● Required action
Images excepted, the data below must be repeated exactly.
====== Collected data ======
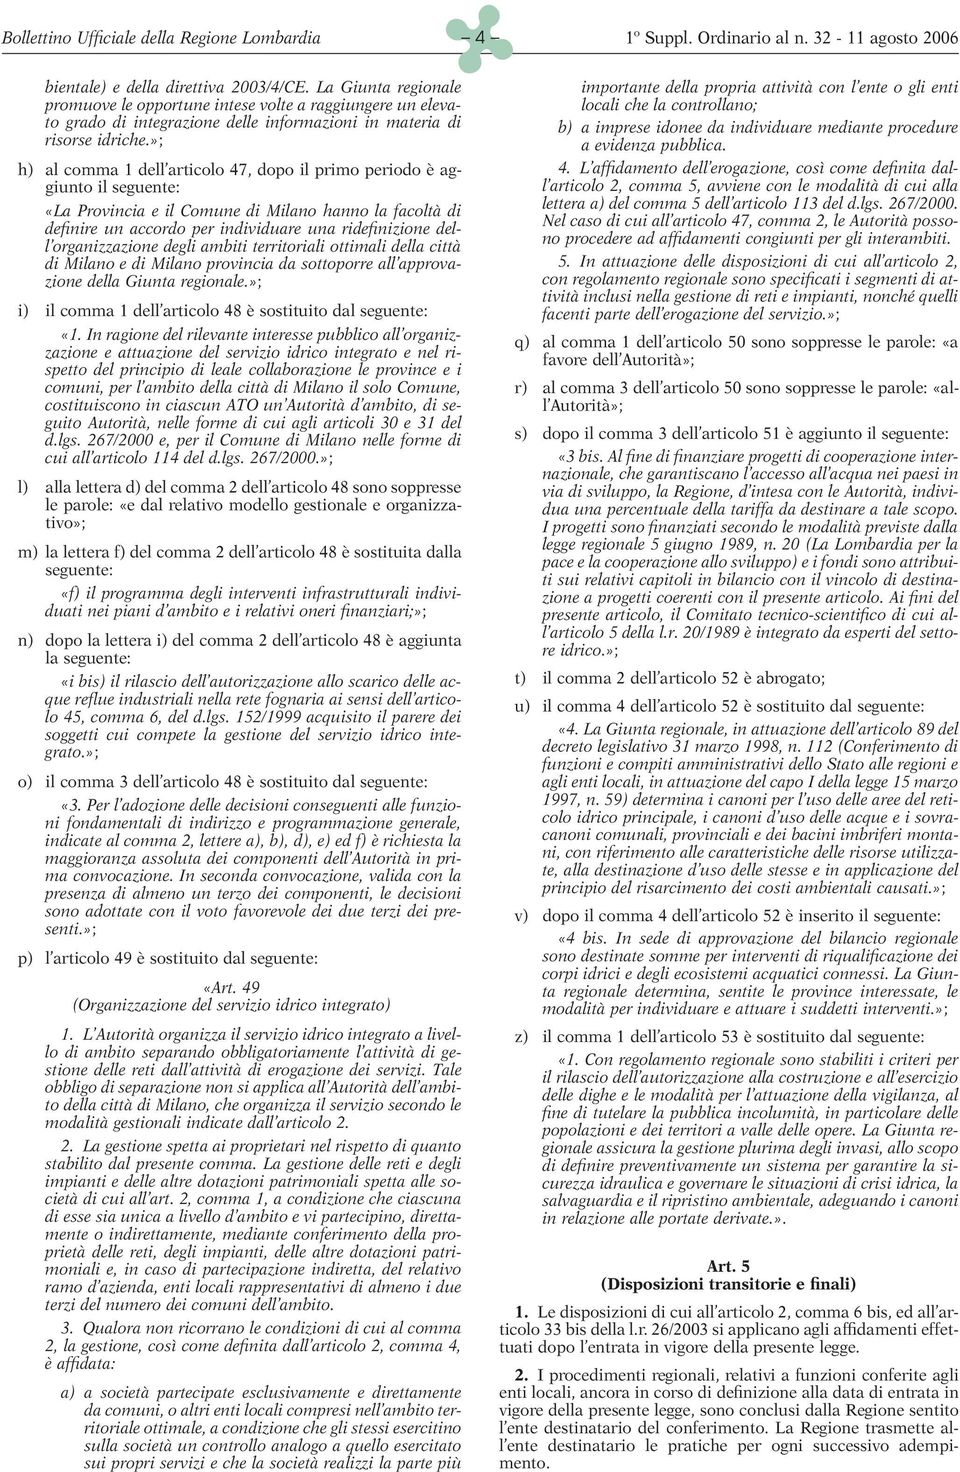 »; h) al comma 1 dell articolo 47, dopo il primo periodo è aggiunto il seguente: «La Provincia e il Comune di Milano hanno la facoltà di definire un accordo per individuare una ridefinizione dell
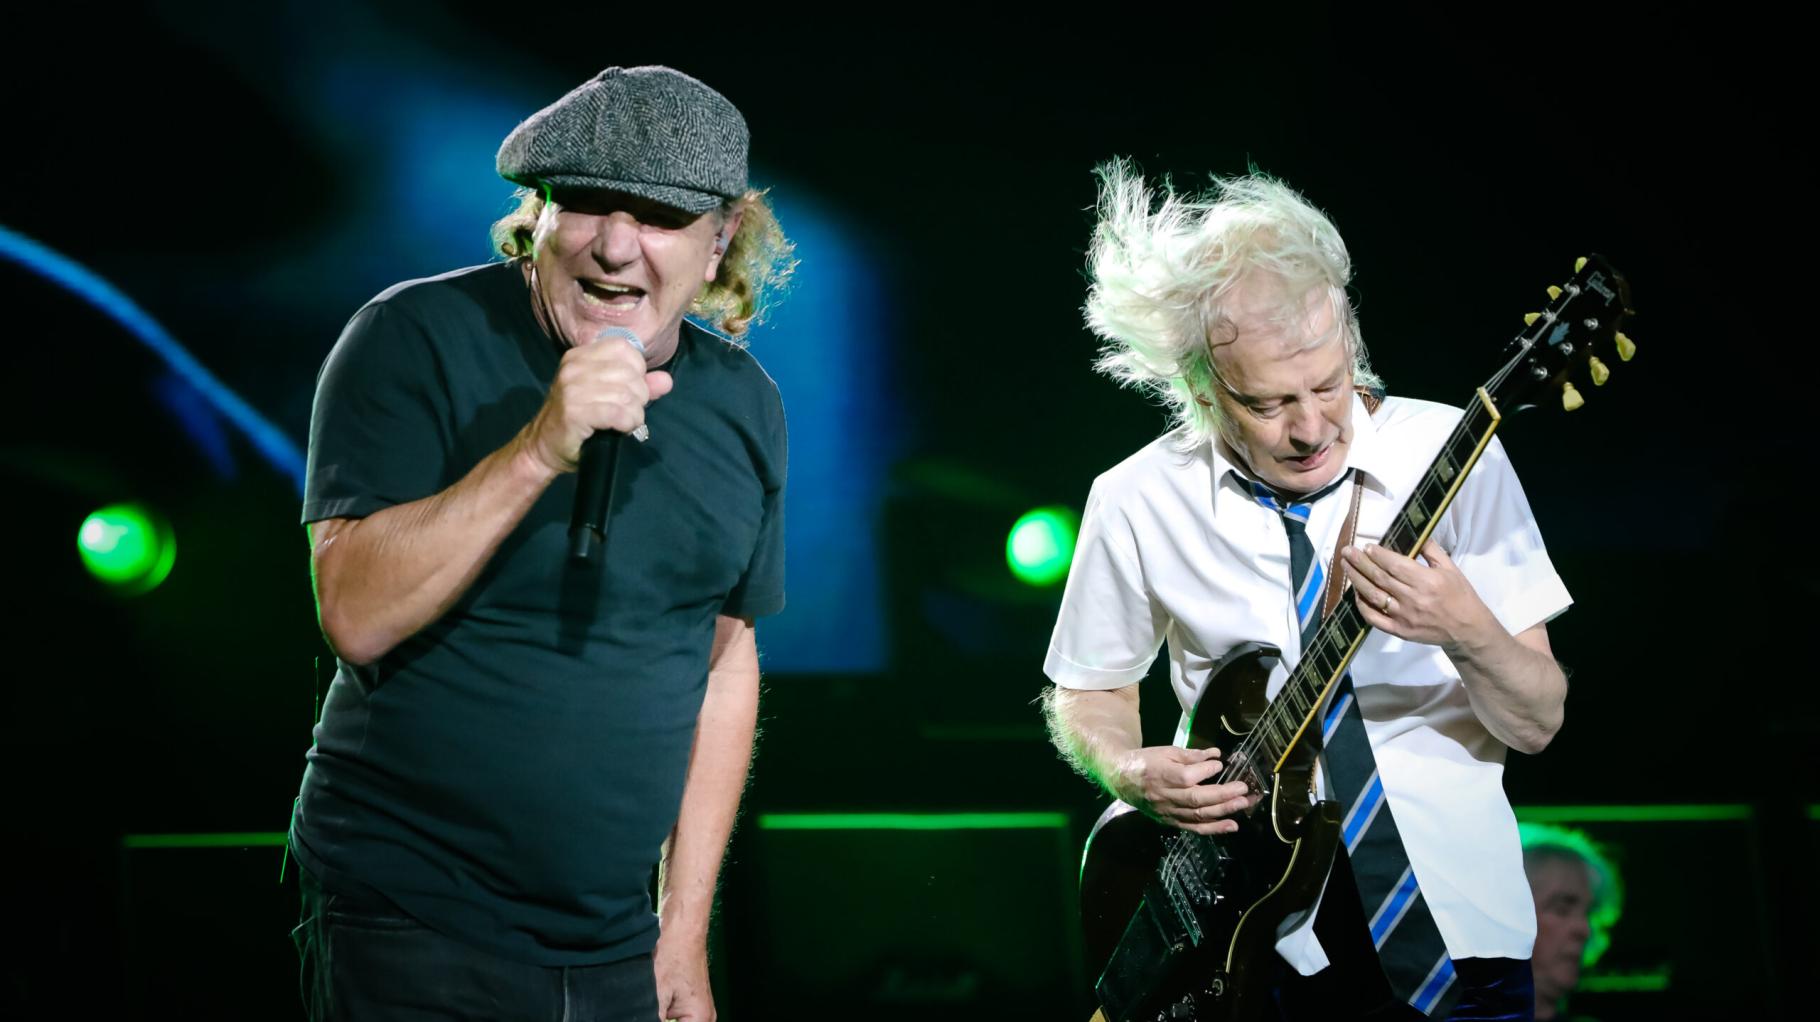 Tournee von AC/DC: Das sagen Experten aus MV über das Comeback der Kultband
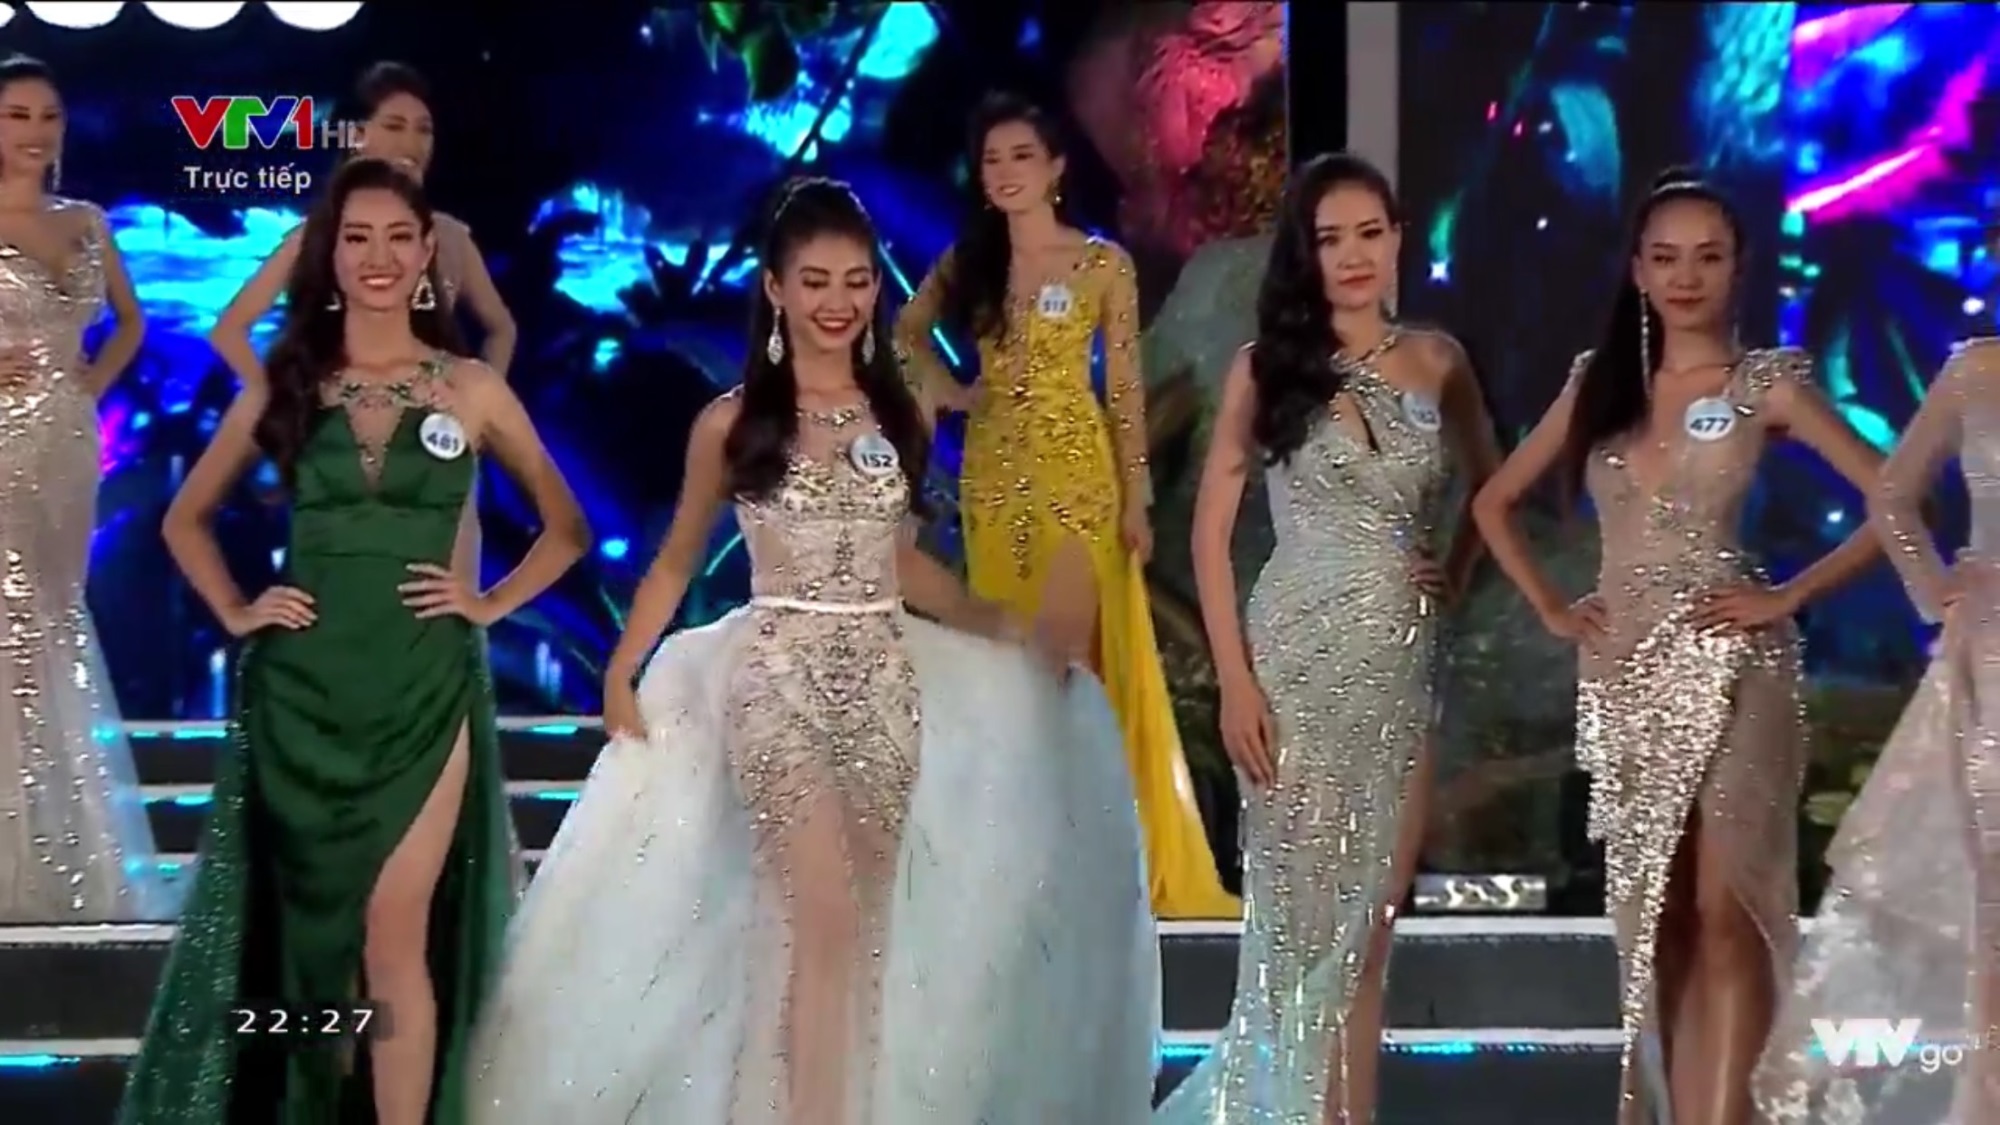 Lương Thùy Linh đăng quang Hoa hậu Thế giới Việt Nam - Miss World Việt Nam 2019 - Ảnh 8
======
● Response area
 »; h) al comma 1 dell articolo 47, dopo il primo periodo è aggiunto il seguente: «La Provincia e il Comune di Milano hanno la facoltà di definire un accordo per individuare una ridefinizione dell
 Tournee von AC/DC: Das sagen Experten aus MV über das Comeback der Kultband
 Lương Thùy Linh đăng quang Hoa hậu Thế giới Việt Nam - Miss World Việt Nam 2019 - Ảnh 8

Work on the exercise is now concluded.